I Am a Strange Loop
Page 19
A Tiny Spark in Gödel’s Brain
We now return to the story of Kurt Gödel and his encounter with the powerful idea that all sorts of infinite classes of numbers can be defined through various kinds of recursive rules. The image of the organic growth of an infinite structure or pattern, all springing out of a finite set of initial seeds, struck Gödel as much more than a mere curiosity; in fact, it reminded him of the fact that theorems in PM (like theorems in Euclid’s Elements) always spring (by formal rules of inference) from earlier theorems in PM, with the exception of the first few theorems, which are declared by fiat to be theorems, and thus are called “axioms” (analogues to the seeds).
In other words, in the careful analogy sparked in Gödel’s mind by this initially vague connection, the axioms of PM would play the role of Fibonacci’s seeds 1 and 2, and the rules of inference of PM would play the role of adding the two most recent numbers. The main difference is that in PM there are several rules of inference, not just one, so at any stage you have a choice of what to do, and moreover, you don’t have to apply your chosen rule to the most recently generated theorem(s), so that gives you even more choice. But aside from these extra degrees of freedom, Gödel’s analogy was very tight, and it turned out to be immensely fruitful.
Clever Rules Imbue Inert Symbols with Meaning
I must stress here that each rule of inference in a formal system like PM not only leads from one or more input formulas to an output formula, but it does so by purely typographical means — that is, via purely mechanical symbol-shunting that doesn’t require any thought about the meanings of symbols. From the viewpoint of a person (or machine) following the rules to produce theorems, the symbols might as well be totally devoid of meaning.
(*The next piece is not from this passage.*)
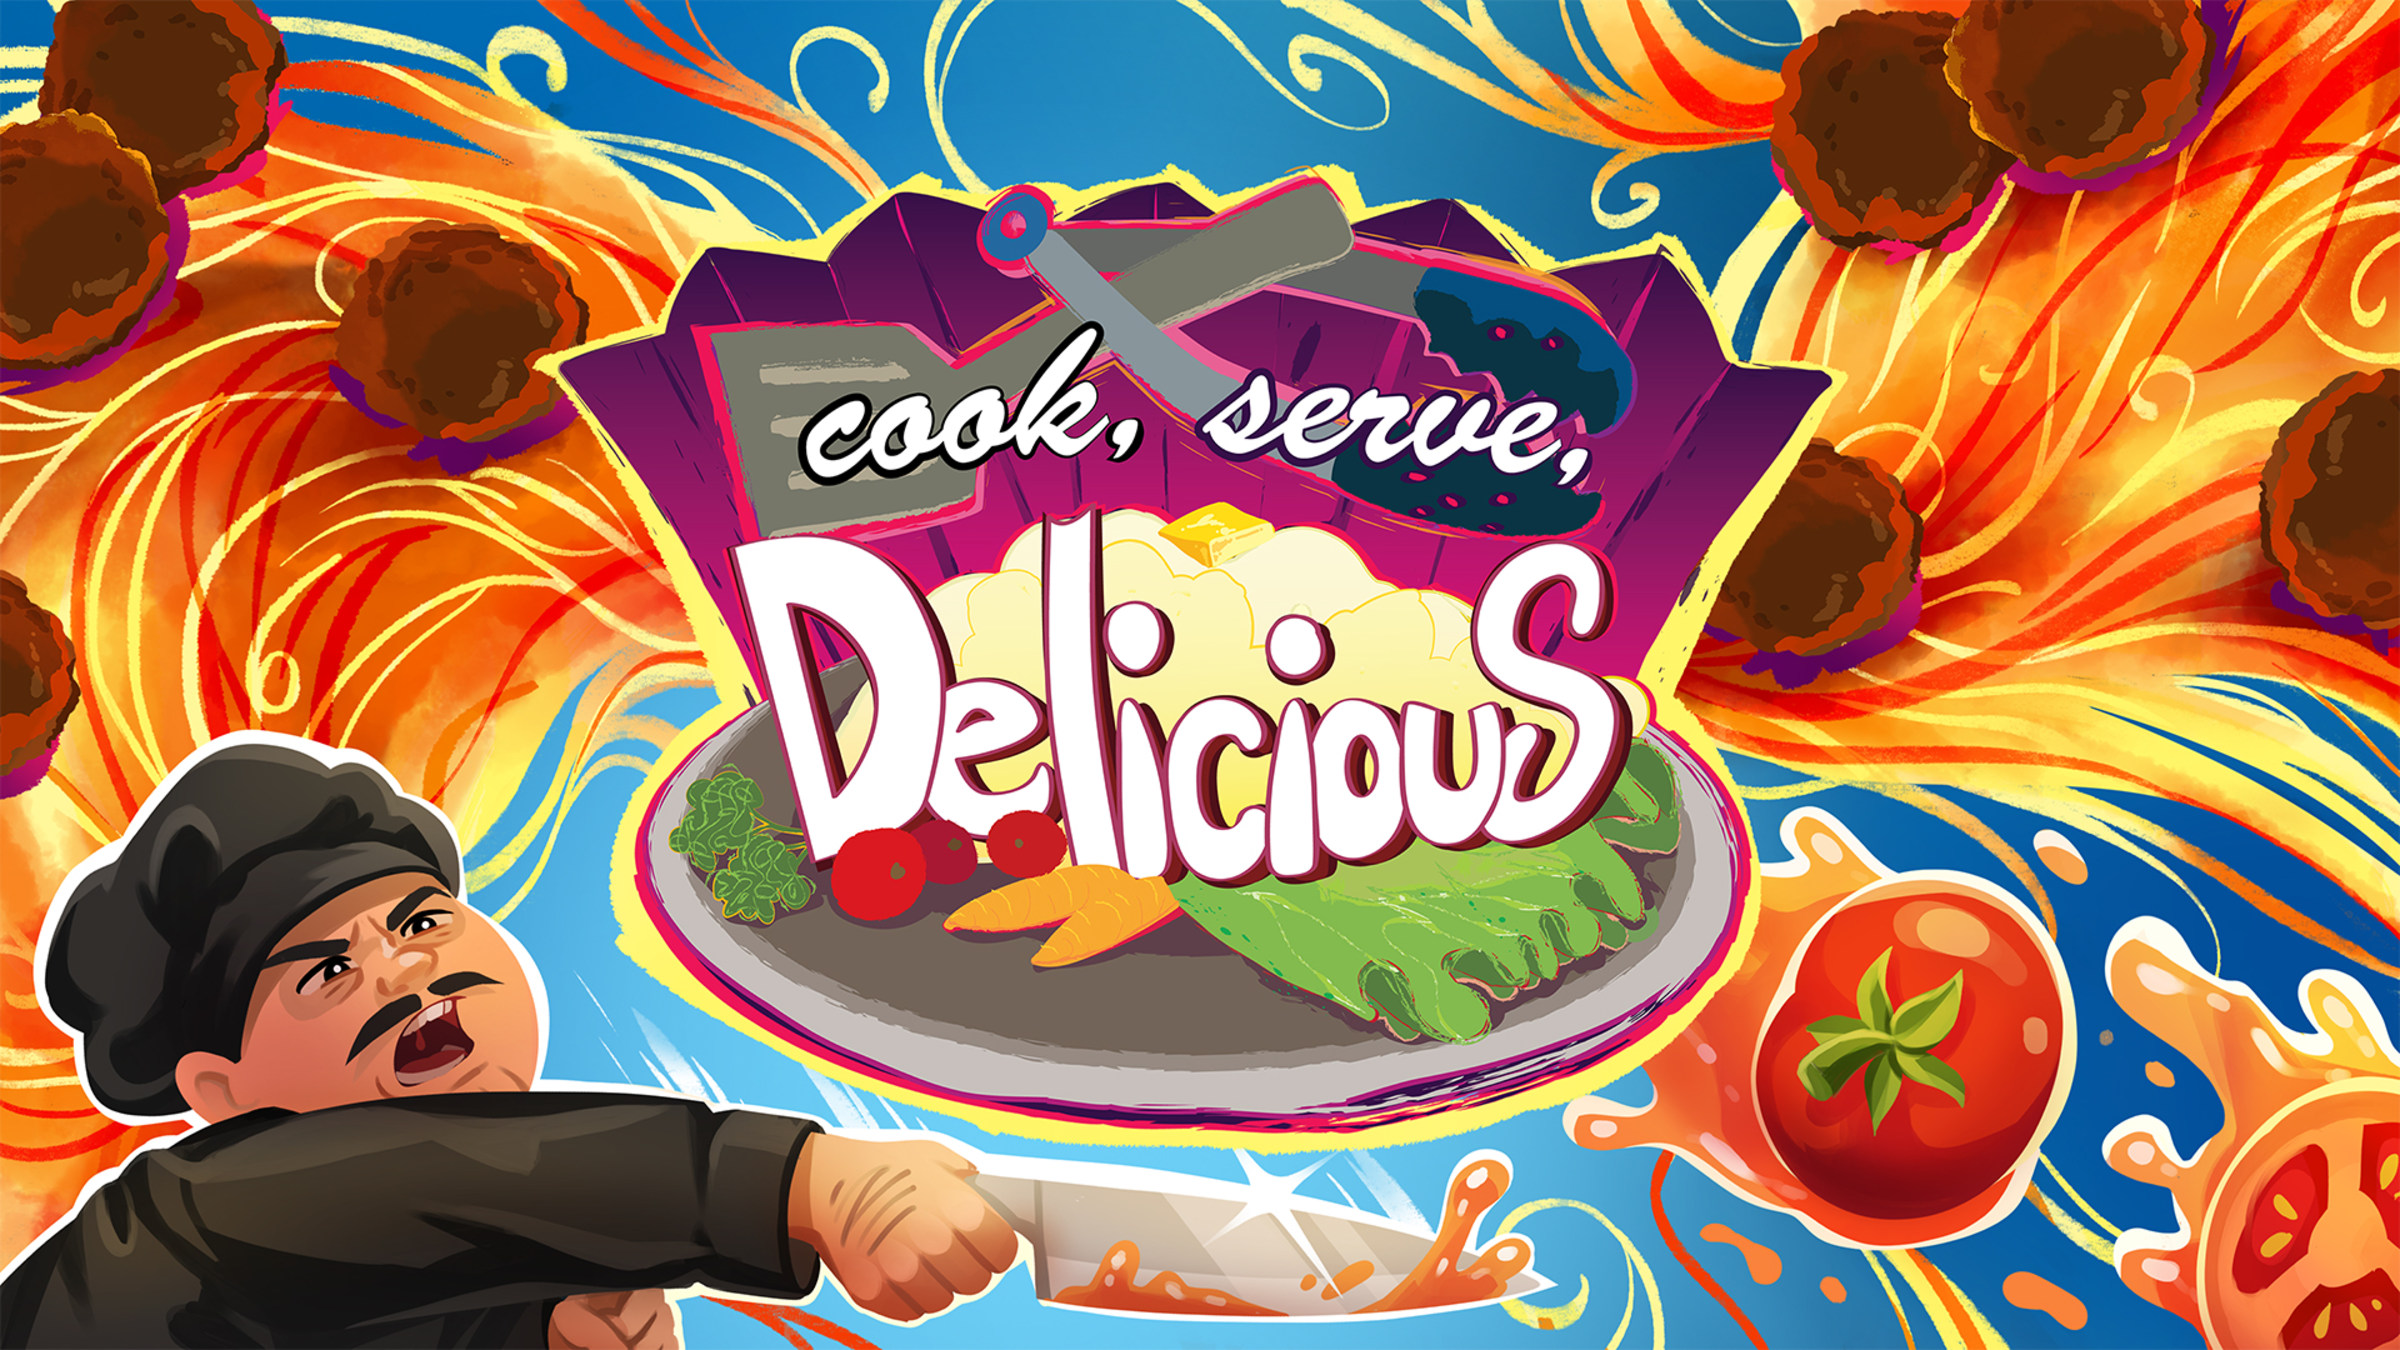 Delicious 12. Cook serve

On the other hand, each rule has to be very carefully designed so that, given input formulas that express truths, the output formula will also express a truth. The rule’s designer (Russell and Whitehead, in this case) therefore has to think about the symbols’ intended meanings in order to be sure that the rule will work exactly right for a manipulator (human or otherwise) who is not thinking about the symbols’ intended meanings.
To give a trivial example, suppose the symbol “∨” were intended to stand for the concept “or”. Then a possible rule of inference would be:
From any formula “P ∨ Q” one can derive the reversed formula “Q ∨ P”.
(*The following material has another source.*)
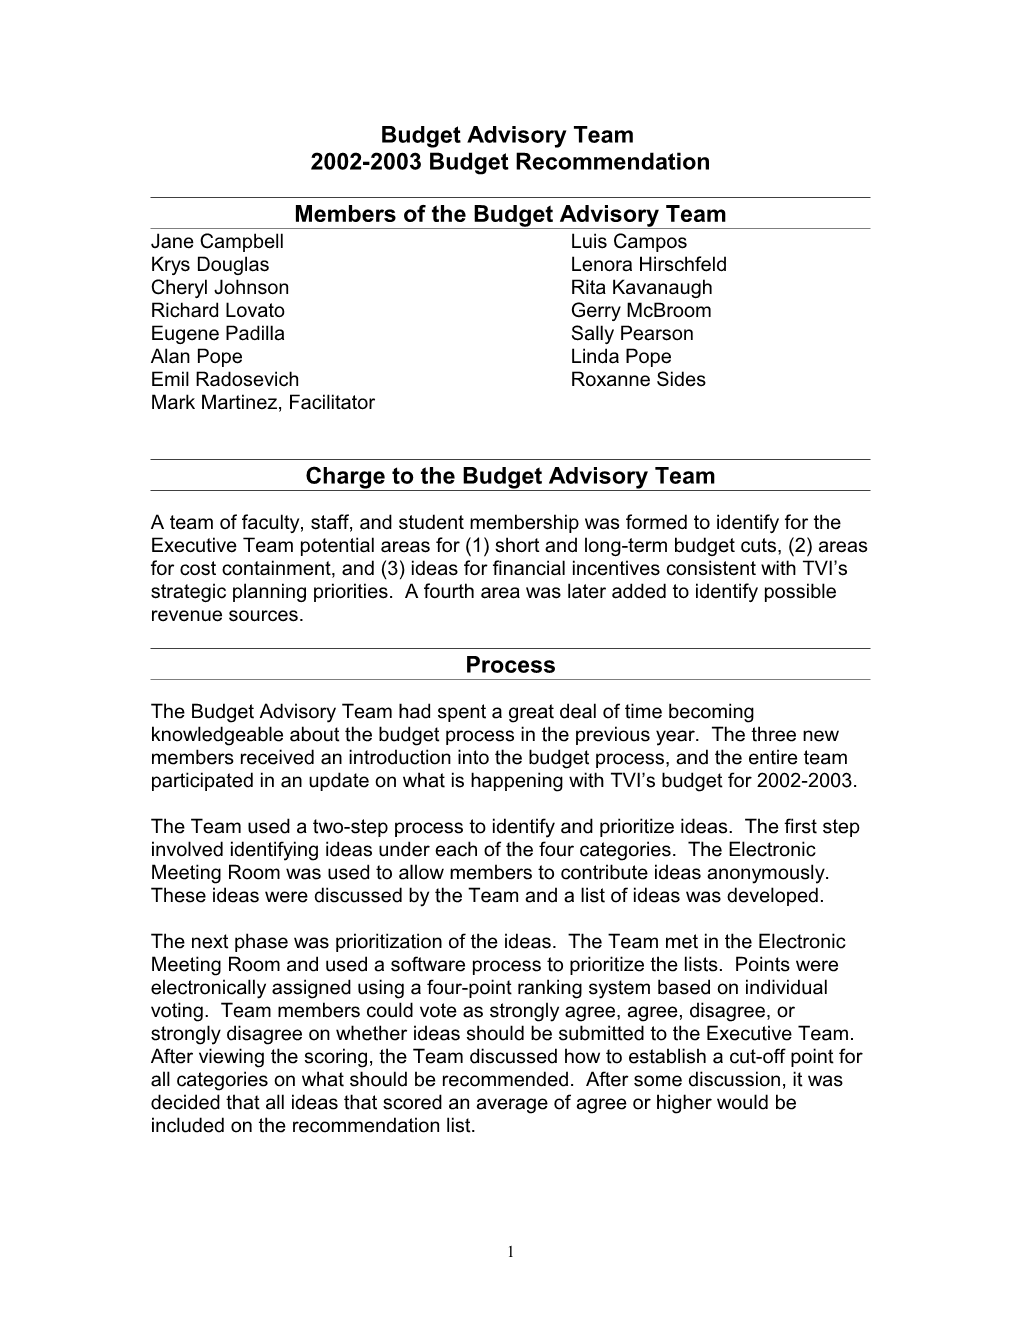 Budget Advisory Group

This rule of inference is reasonable because whenever an or-statement (such as “You’re crazy or I’m crazy”) is true, then so is the flipped-around or-statement (“I’m crazy or you’re crazy”).
This particular ∨-flipping rule happens not to be one of PM’s rules of inference, but it could have been one. The point is just that this rule shows how one can mechanically shunt symbols and ignore their meanings, and yet preserve truth while doing so. This rule is rather trivial, but there are subtler ones that do real work. That, indeed, is the whole idea of symbolic logic, first suggested by Aristotle and then developed piecemeal over many centuries by such thinkers as Blaise Pascal, Gottfried Wilhelm von Leibniz, George Boole, Augustus De Morgan, Gottlob Frege, Giuseppe Peano, David Hilbert, and many others. Russell and Whitehead were simply developing the ancient dream of totally mechanizing reasoning in a more ambitious fashion than any of their predecessors had.
Mechanizing the Mathematician’s Credo
If you apply PM’s rules of inference to its axioms (the seeds that constitute the “zeroth generation” of theorems), you will produce some “progeny” — theorems of the “first generation”. Then apply the rules once again to the first-generation theorems (as well as to the axioms) in all the different ways you can; you will thereby produce a new batch of theorems — the second generation. Then from that whole brew comes a third batch of theorems, and so on, ad infinitum, constantly snowballing. The infinite body of theorems of PM is fully determined by the initial seeds and by the typographical “growth rules” that allow one to make new theorems out of old ones.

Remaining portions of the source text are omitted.